Faraone: "Sanità siciliana, una presa in giro. Tre punti per cambiare tutto"

Faraone: “Sanità siciliana, una presa in giro. Tre punti per cambiare tutto”

Il renziano: "Bisogna fare cadere il governo e tornare alle urne"

PALERMO – “Bisogna far cadere questo governo e riportare alle urne quei 7 siciliani su 10 che non votano più, perché non si fidano, non credono, non sperano. E sulla sanità ci sono tre punti per cambiare tutto”. Davide Faraone, vicepresidente di Italia Viva, traccia le tappe, dalla visuale dell’opposizione, per creare l’alternativa al centrodestra. Lo fa, rispondendo a dieci domande. L’intervista.

Sanità in Sicilia, la Regione vara nuove regole per i manager: cosa ne pensa?
“Siamo davanti all’ennesima presa in giro. Si parla di svolta, di trasparenza, di competenza, ma il sistema resta identico: i notabili decidono. Cambiano i nomi delle commissioni, non il meccanismo. Oggi tutti si accaniscono contro Cuffaro per le nomine in sanità, come se fosse un corpo estraneo piovuto dal cielo. Ma a quel tavolo c’erano tutti i partiti del centrodestra. E al capotavola non c’era Cuffaro: c’era Schifani. Noi li denunciavamo questi metodi, mentre accadevano, non adesso che è intervenuta la magistratura. Schifani oggi prova a scaricare tutto sulla Dc, come se fosse l’unica responsabile di un sistema che invece è condiviso, praticato e rivendicato da tutta la maggioranza. Ma se davvero considera quel metodo ‘deplorevole’, allora il primo ad andare a casa dovrebbe essere lui”.

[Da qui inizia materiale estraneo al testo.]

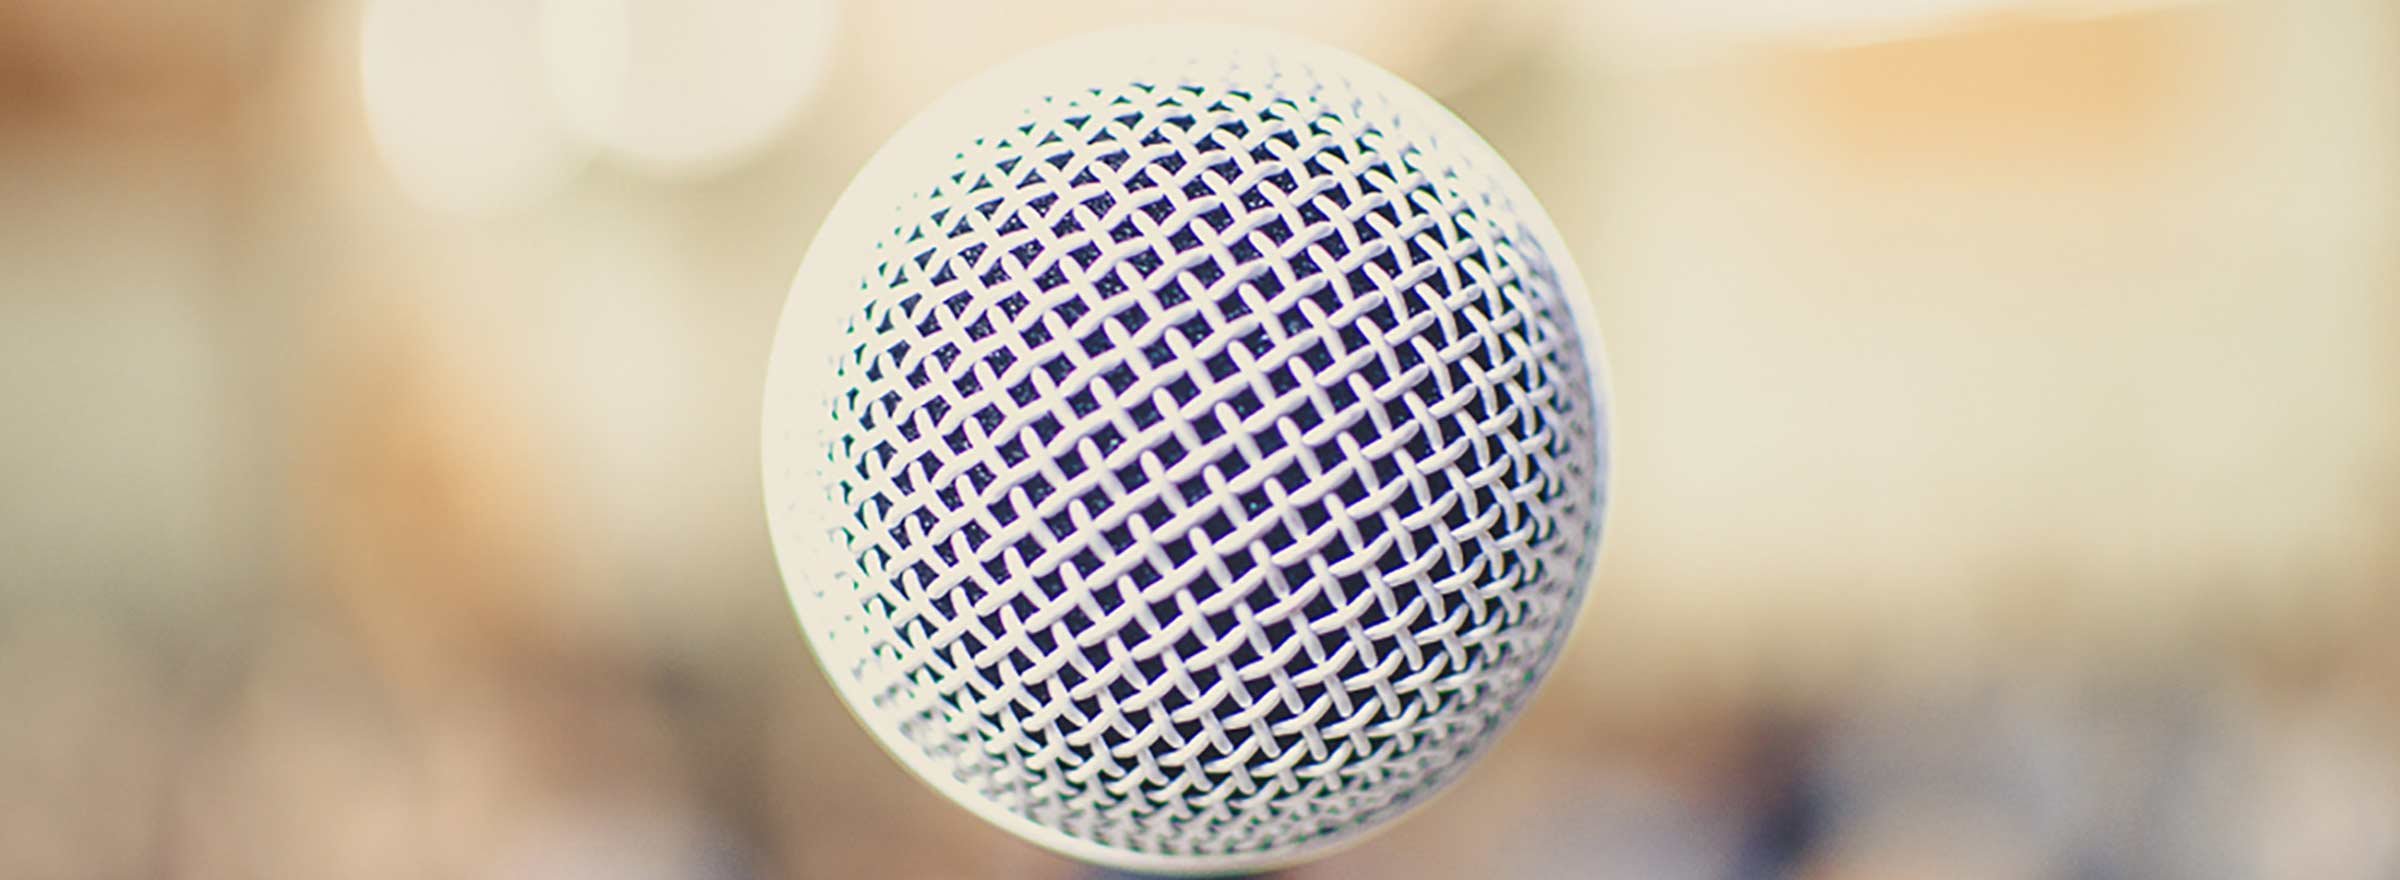 a close-up view of a microphone symbolizing social impact technology panels at sxsw

Le modifiche nella selezione dei manager possono determinare una inversione di tendenza?
“No, i manager hanno un marchio politico, un riferimento preciso. E quelli attuali sono ancora tutti lì, nonostante risultati pessimi sotto gli occhi di chiunque, perché i padrini li proteggono. Non conta se i cittadini ricevono cure all’altezza. Conta solo se rispondi agli ordini del politico che ti ha messo lì. Il risultato è noto: liste d’attesa che esplodono, reparti che chiudono, conti che non tornano. E cittadini costretti a scappare fuori regione per curarsi. Basta ipocrisie. Se Schifani volesse davvero cambiare pagina, rinuncerebbe al controllo politico sulle nomine, introdurrebbe obiettivi vincolanti e valutazioni indipendenti, e accetterebbe che chi fallisce venga mandato a casa, senza guardare la tessera. Ma se facesse questo non sarebbe Schifani. E se al centrodestra togli l’uso clientelare della sanità, smette di vincere le elezioni. Mission impossible, con questi qui. Non mi fido di loro”.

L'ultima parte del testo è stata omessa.